2.5.1 Mass Spectrometry
MS is an analytical tool used to determine the mass, structure, and/or elemental composition of a molecule. In simplistic terms, a mass spectrometer is a very sensitive “detector” that can be divided into 3 main components (Fig. 2–27): an ion source, used to transfer the molecules to be analyzed into the gaseous state/gas phase (mass spectrometers are under high vacuum and therefore ions need to be transferred to the gas phase); a mass analyzer, used to measure the mass-to-charge ratio (m/z) of the generated ions (the elemental composition of analyzed ions results in specific m/z values used for identification); and a detector, used to register the intensity of the generated ions.
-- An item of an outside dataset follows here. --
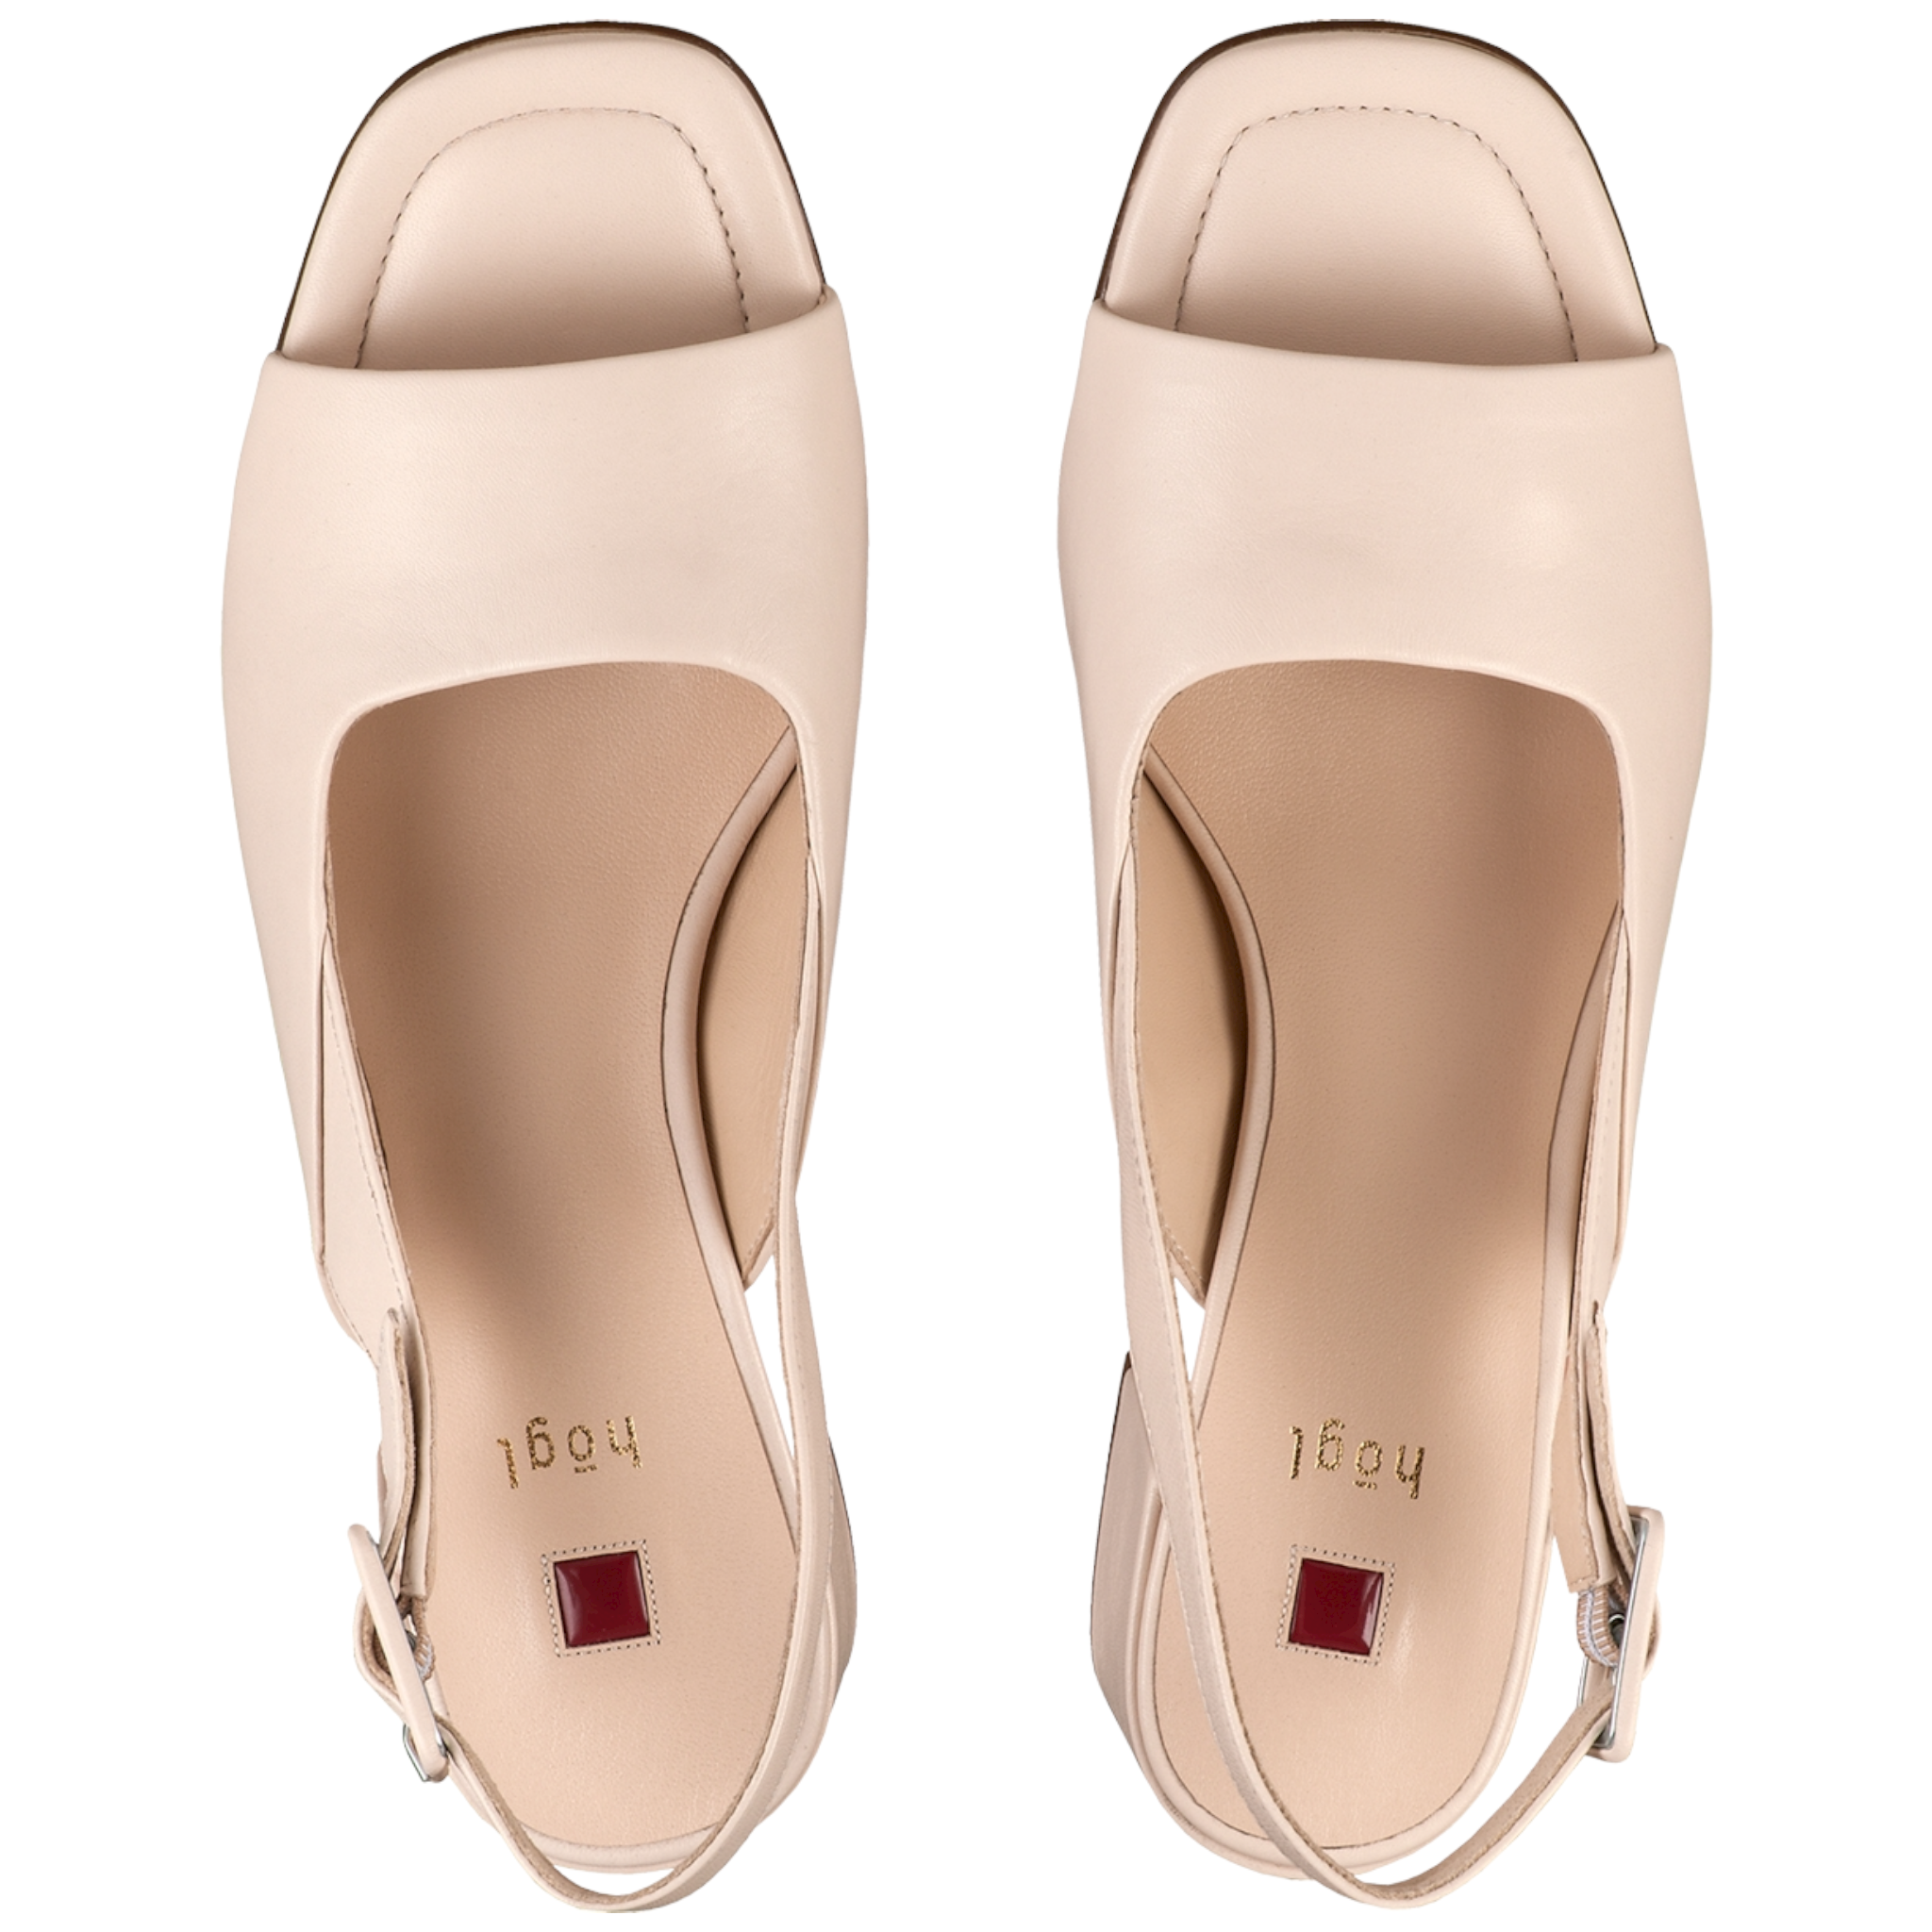 Hopper - shoe&me - Hogl - Heels - Heels, Sandal, Summer 22, Womens

One of the major developments for MS-based proteomics was the introduction of mild ionization technologies (MALDI and ESI) capable of ionizing large, intact biomolecules such as proteins or peptides.
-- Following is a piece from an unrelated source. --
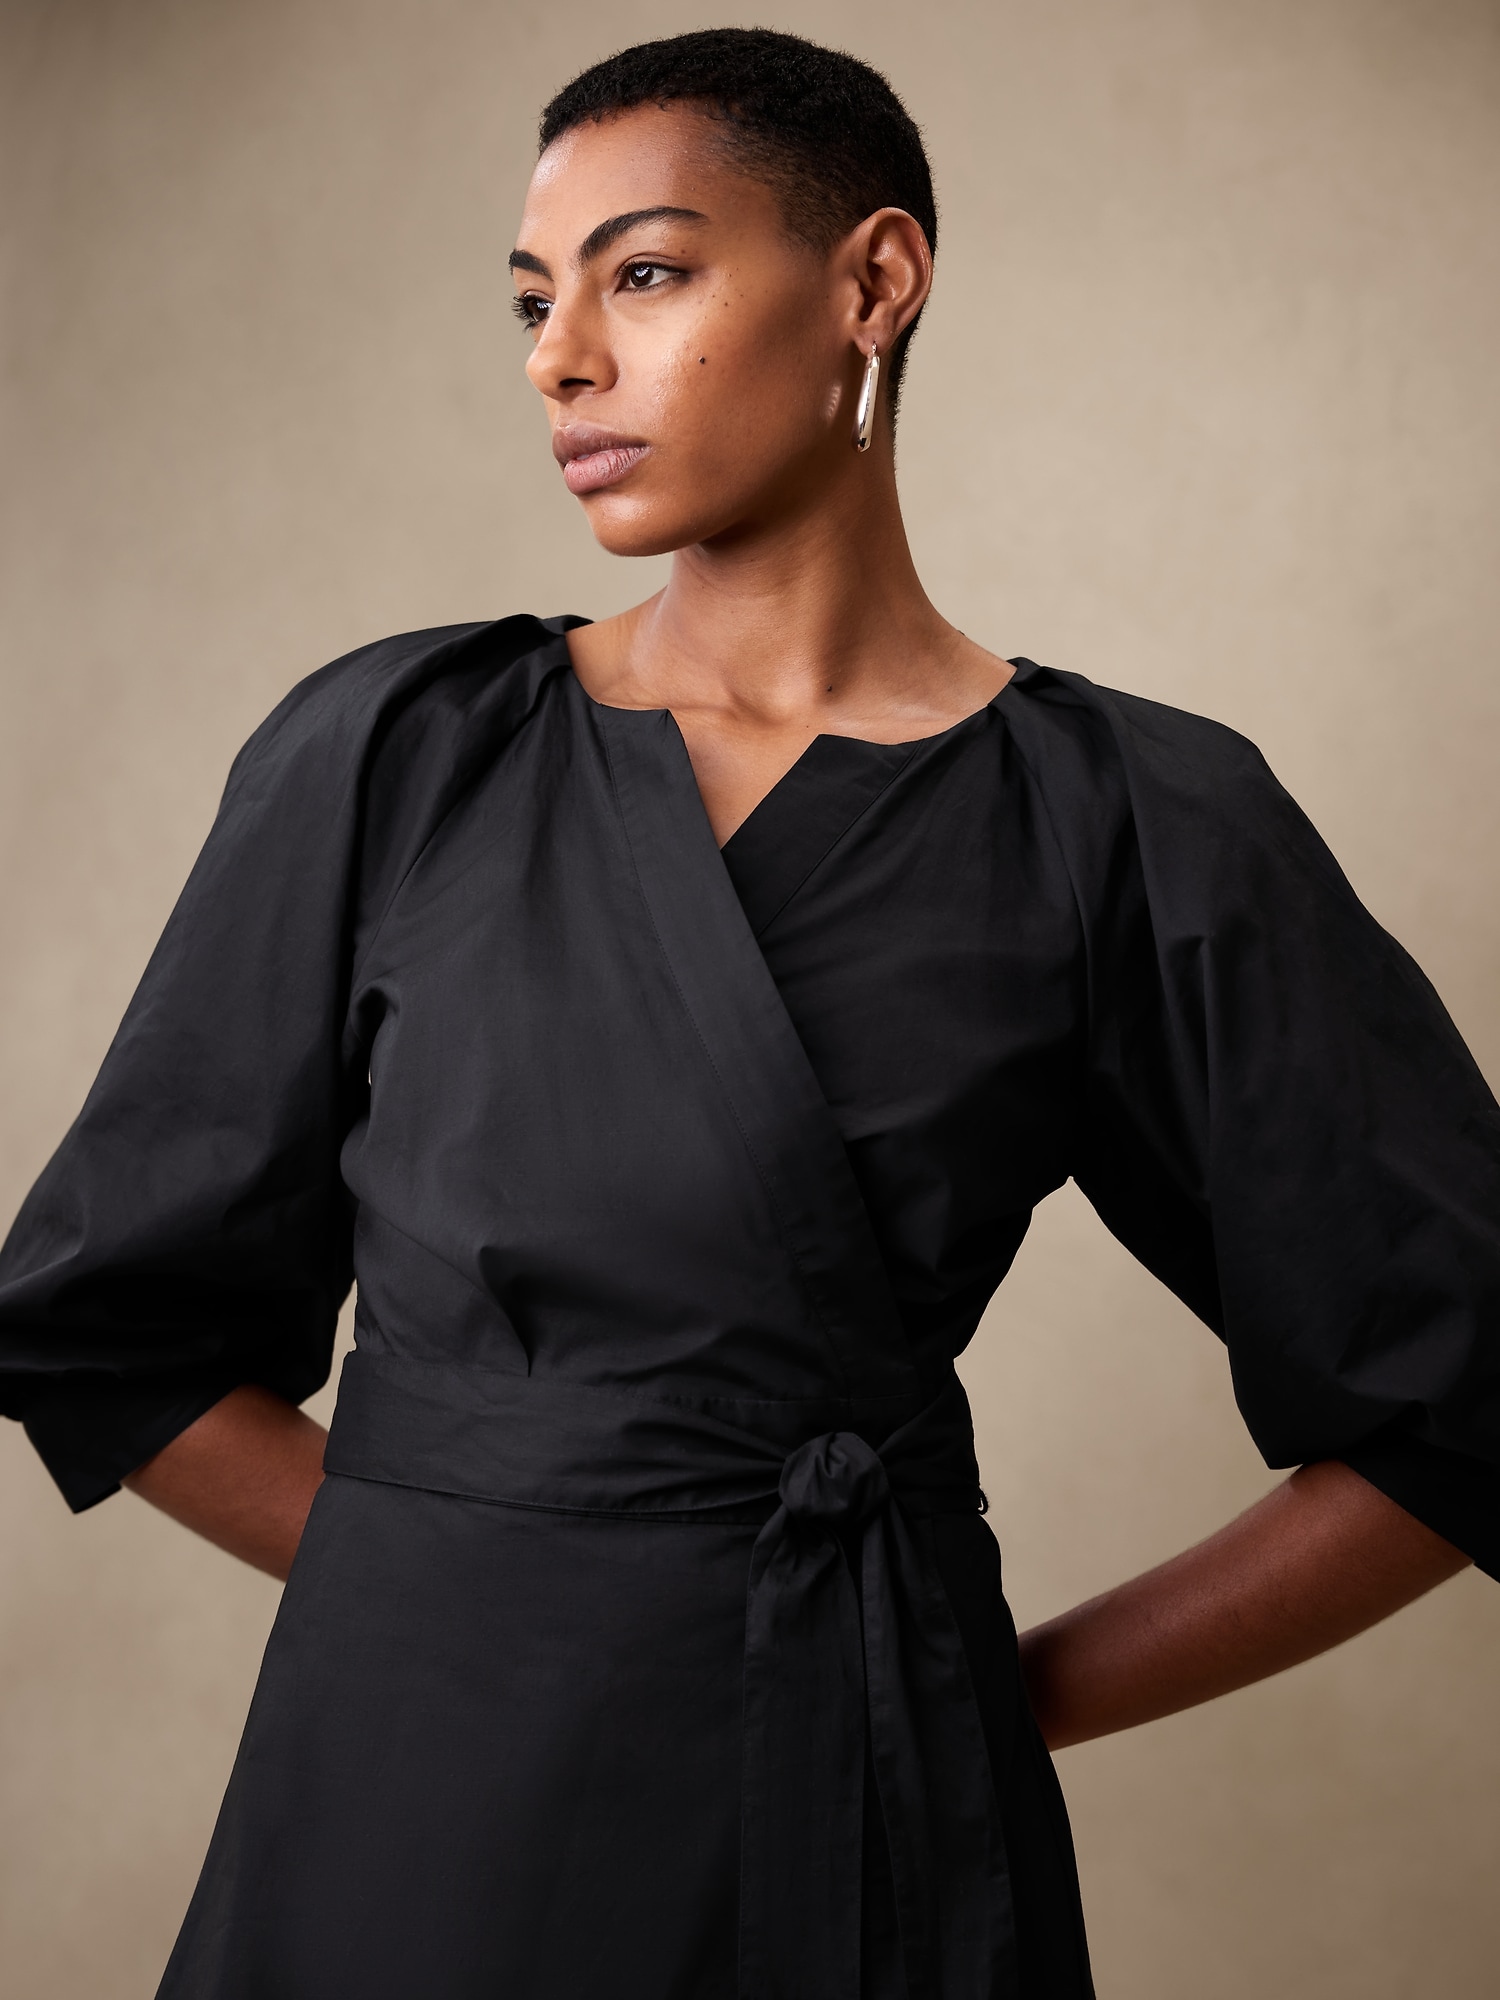 Blouson-Sleeve Midi Dress

FIGURE 2–27 Schematic of the basic components of a mass spectrometer consisting of the ion source, the mass analyzer, and the detector. Individual examples for each component are listed in the figure. ESI, electrospray ionization; FT-ICR, fourier transform Ion cyclotron resonance; MALDI, matrix-assisted laser desorption/ionization.
In MALDI (matrix-assisted laser desorption/ionization), molecules to be analyzed (the analyte) are mixed with an energy-absorbing matrix consisting of organic aromatic acids (eg, sinapinic acid) in a solvent mixture of water, acetonitrile, and trifluoroacetic acid. The analyte is then mixed with the matrix solution (large excess of matrix; ~1:1000) and spotted onto a stainless steel target plate, dried to generate a cocrystal of analyte and matrix molecules. Pulsed lasers are then fired onto the cocrystal of matrix and analyte. Matrix molecules are used to absorb the majority of the laser energy, thereby protecting the analyte (the proteins and peptides being analyzed) from destruction. The matrix molecules and the organic acids then transfer their charge to the peptide/protein molecules, resulting in the mild ionization of these labile biomolecules (Fig. 2–28A).
FIGURE 2–28 Schematics of mild peptide ionizations used for proteomics analyses. The 2 techniques used to ionize biological materials include matrix-assisted laser desorption/ionization (MALDI) and electrospray ionization (ESI). Both are soft ionization techniques allowing for the ionization of biomolecules such as proteins and peptides. A) In MALDI, ionization is triggered by a laser beam (normally a nitrogen laser). A matrix is used to protect the biomolecule from being destroyed by direct contact with the laser beam. This matrix-analyte solution is spotted onto a metal plate (target). The solvent vaporizes, leaving only the recrystallized matrix with proteins spread throughout the crystals. The laser is fired at the cocrystals on the MALDI target. The matrix material absorbs the energy and transfers part of its charge to the analyte and thus ionizing them. B) In ESI, a volatile liquid containing the analyte is passed through a microcapillary (ie, chromatography column). As the liquid is passed out of the capillary it forms an aerosol of small droplets. As the small droplets evaporate, the charged analyte molecules are forced closer together and the droplets disperse. The ions continue along to the mass analyzer of a mass spectrometer.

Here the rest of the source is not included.